DATA PROVIDED START
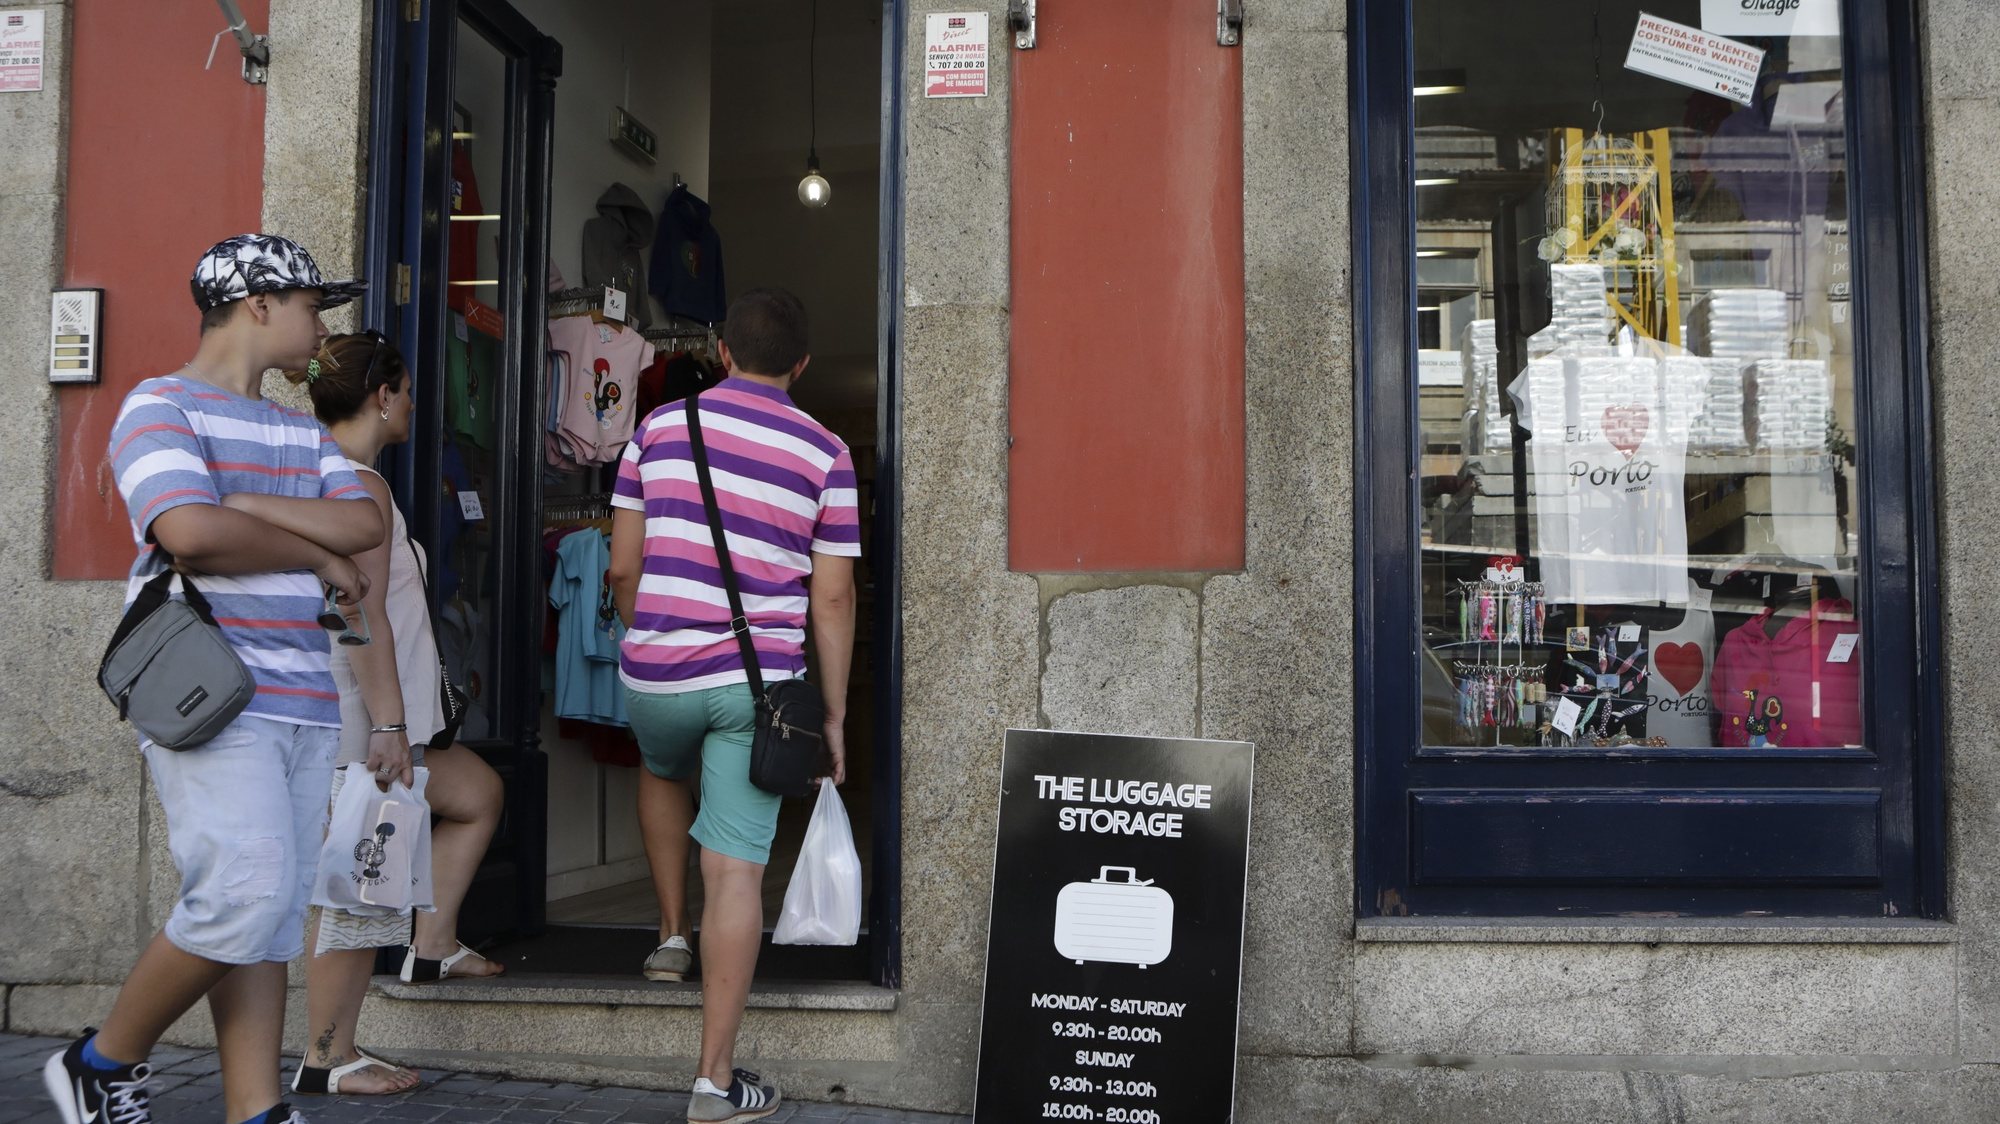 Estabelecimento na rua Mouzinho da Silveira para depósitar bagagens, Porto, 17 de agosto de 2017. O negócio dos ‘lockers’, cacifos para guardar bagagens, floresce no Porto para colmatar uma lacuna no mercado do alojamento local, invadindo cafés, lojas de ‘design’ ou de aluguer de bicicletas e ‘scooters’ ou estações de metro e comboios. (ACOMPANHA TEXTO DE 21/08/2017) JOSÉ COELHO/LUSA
DATA PROVIDED END
DATA PROVIDED START
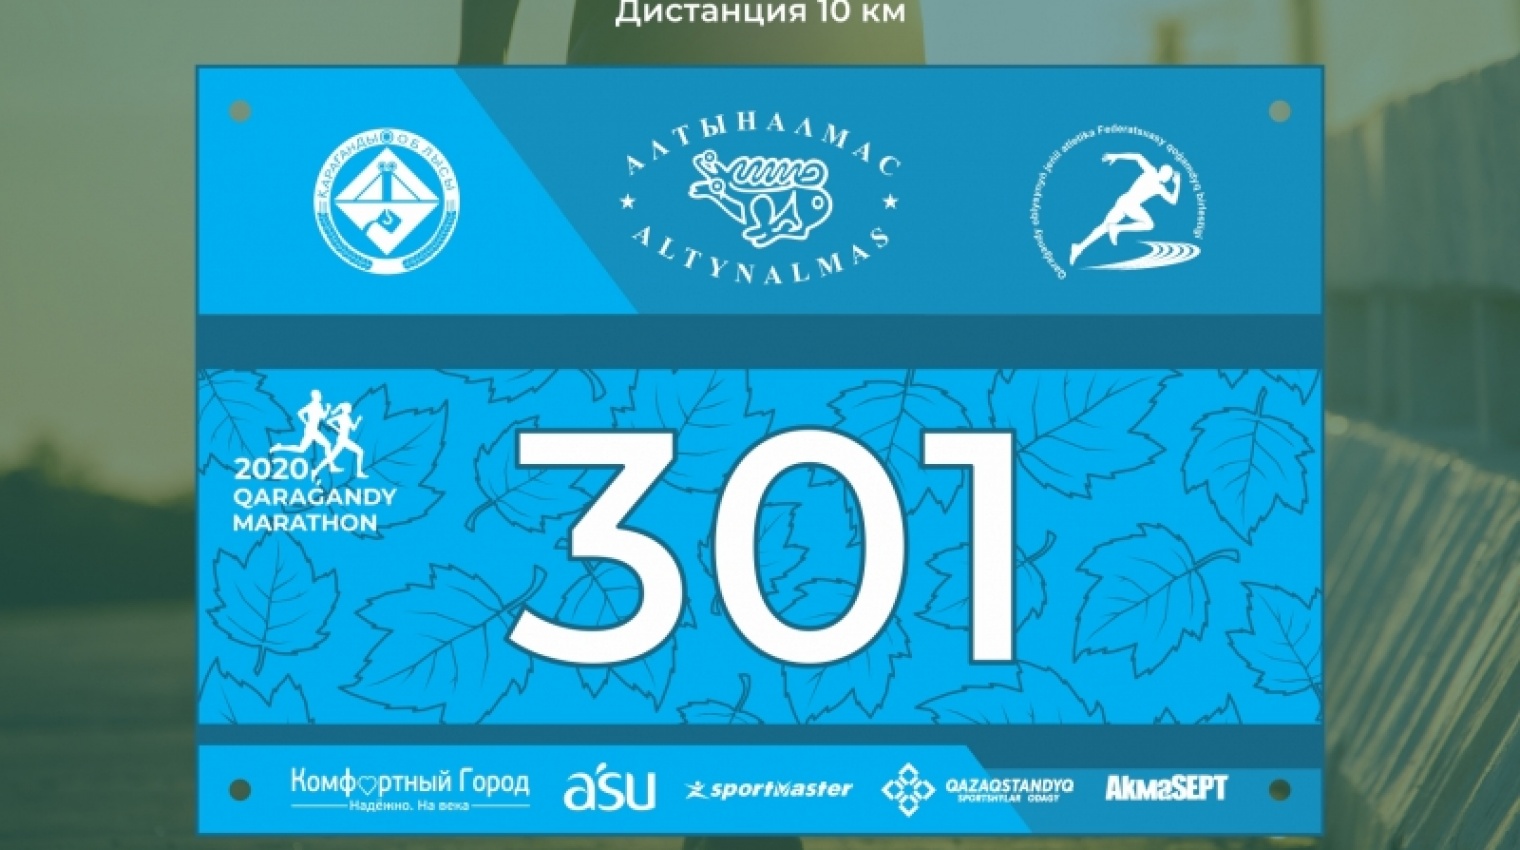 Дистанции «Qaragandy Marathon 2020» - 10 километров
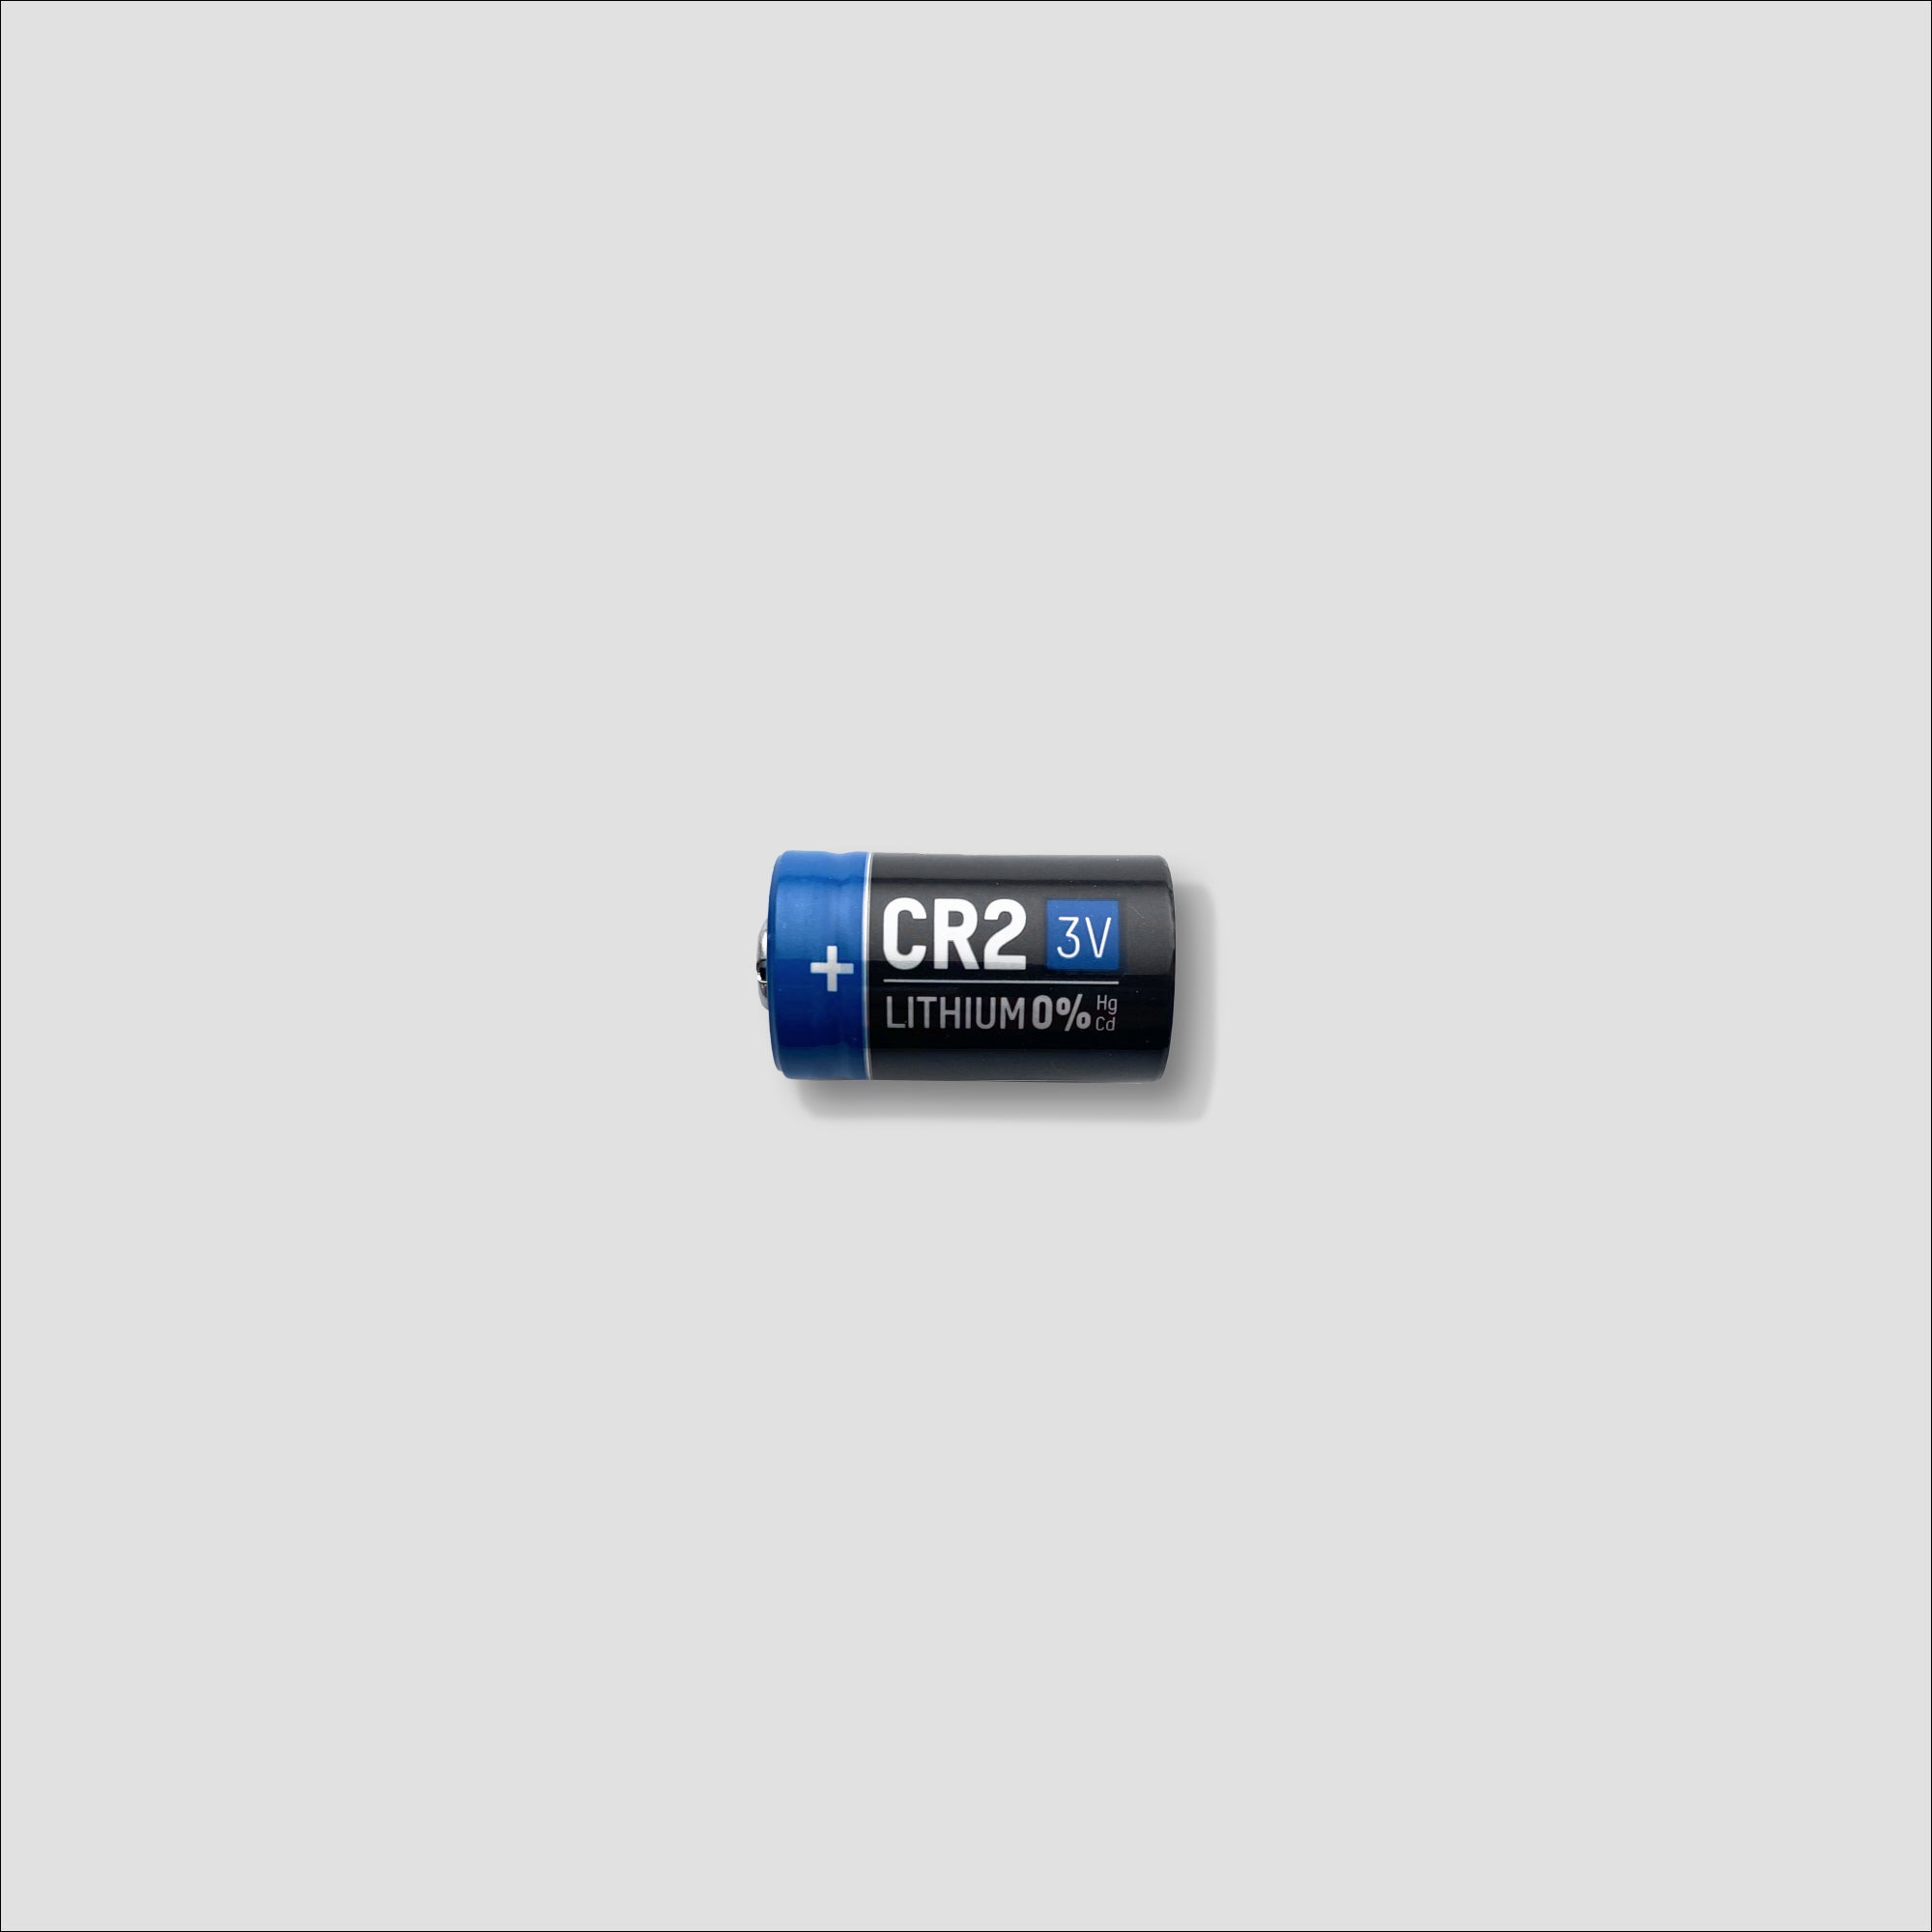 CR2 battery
DATA PROVIDED END
EXERCISE DIRECTIONS: In the listing above, find the line containing "- 10 километров". Output it and every line after it up to and including the line containing "CR2 battery", exactly, but skip the pictures.

OUTPUT:
 Дистанции «Qaragandy Marathon 2020» - 10 километров
 CR2 battery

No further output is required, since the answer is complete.